# PROBLEM REQUIREMENTS
Everything below from the line with "Signature Bolanburg Upholstered Side Chair" through the line with "Art History Worksheets" must be retyped exactly, except the pictures.

# SUPPLIED RECORDS
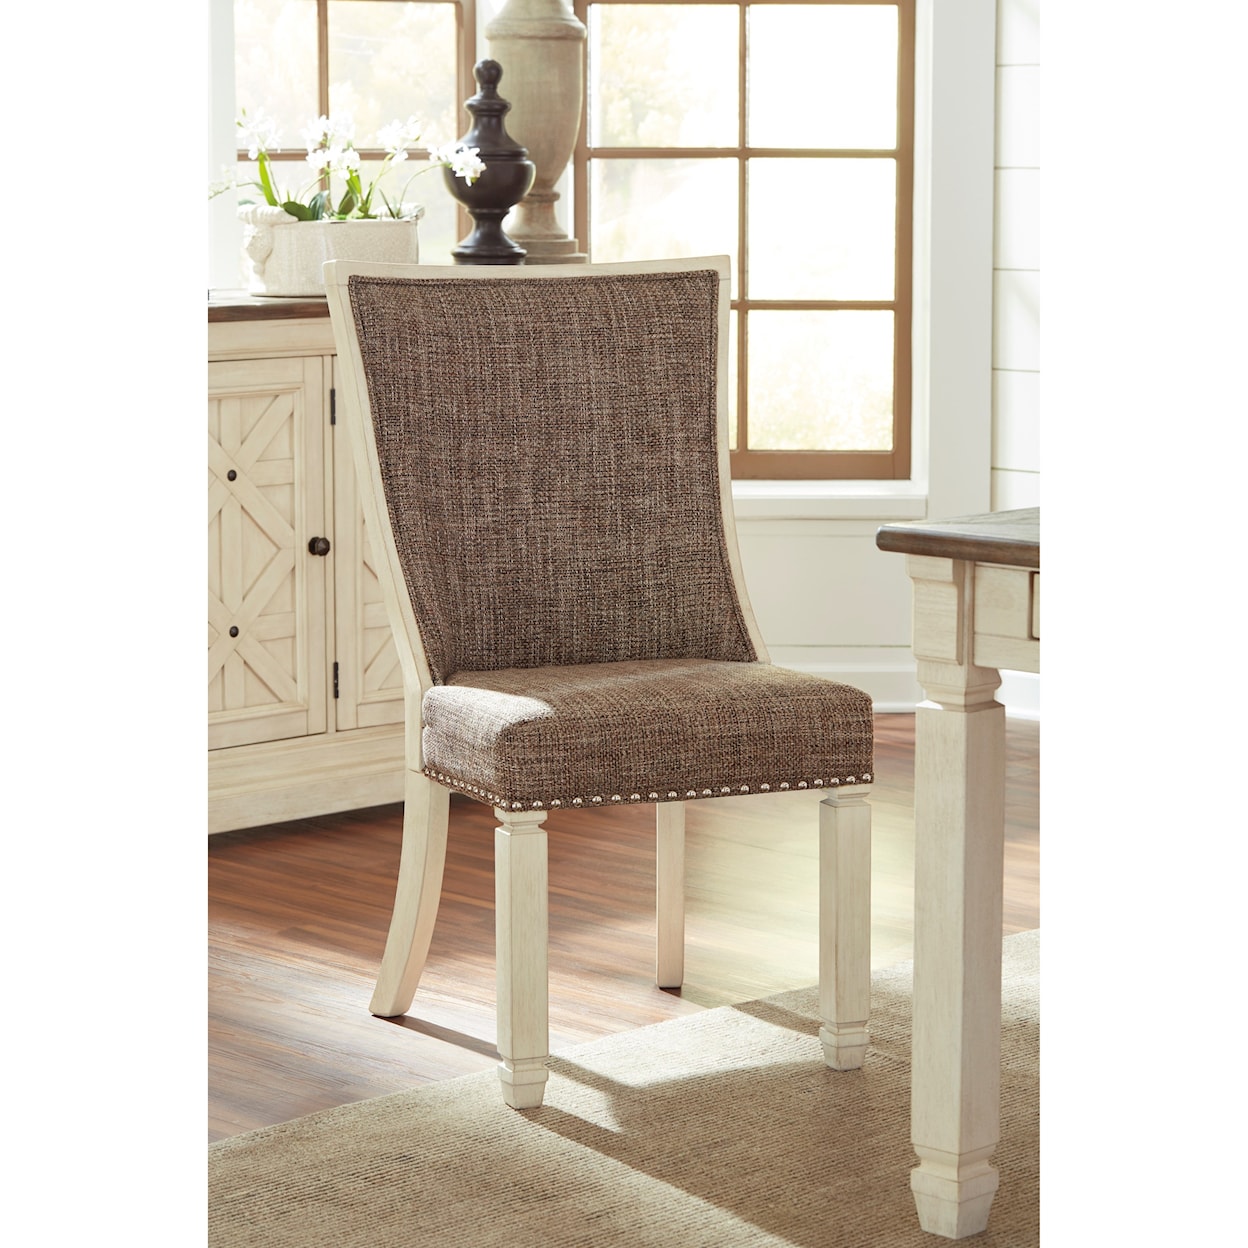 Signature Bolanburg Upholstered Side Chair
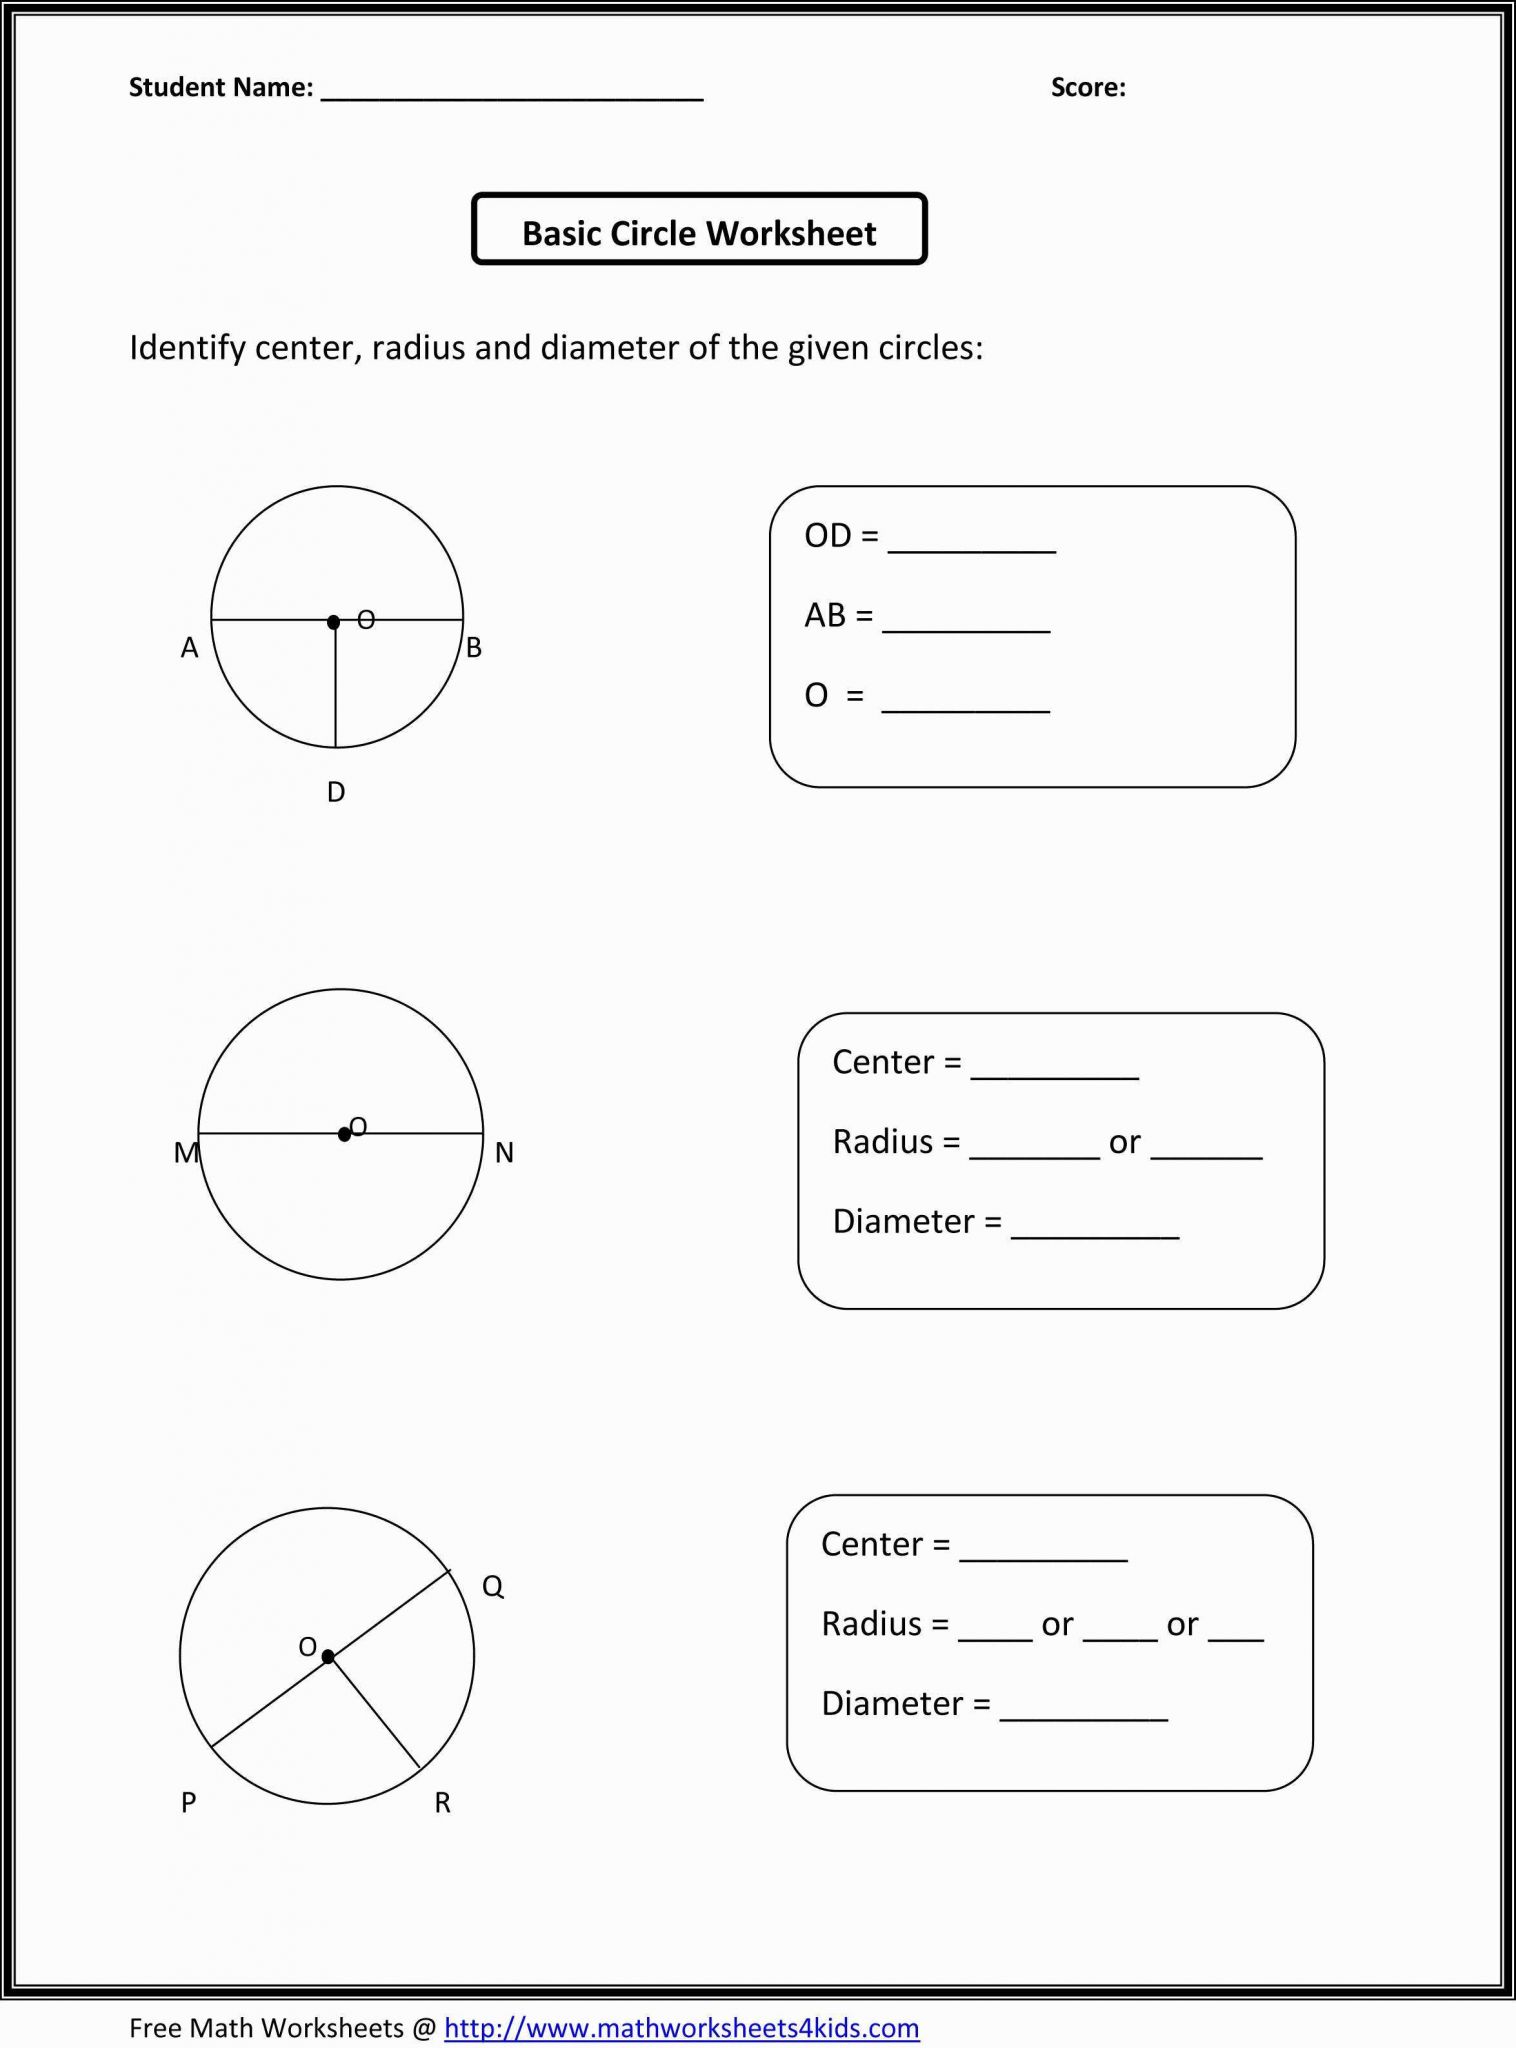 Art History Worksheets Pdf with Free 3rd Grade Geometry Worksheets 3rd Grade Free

---

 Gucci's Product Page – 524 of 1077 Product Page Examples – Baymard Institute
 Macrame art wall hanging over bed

# EXERCISE ANSWER
 Signature Bolanburg Upholstered Side Chair
 Art History Worksheets Pdf with Free 3rd Grade Geometry Worksheets 3rd Grade Free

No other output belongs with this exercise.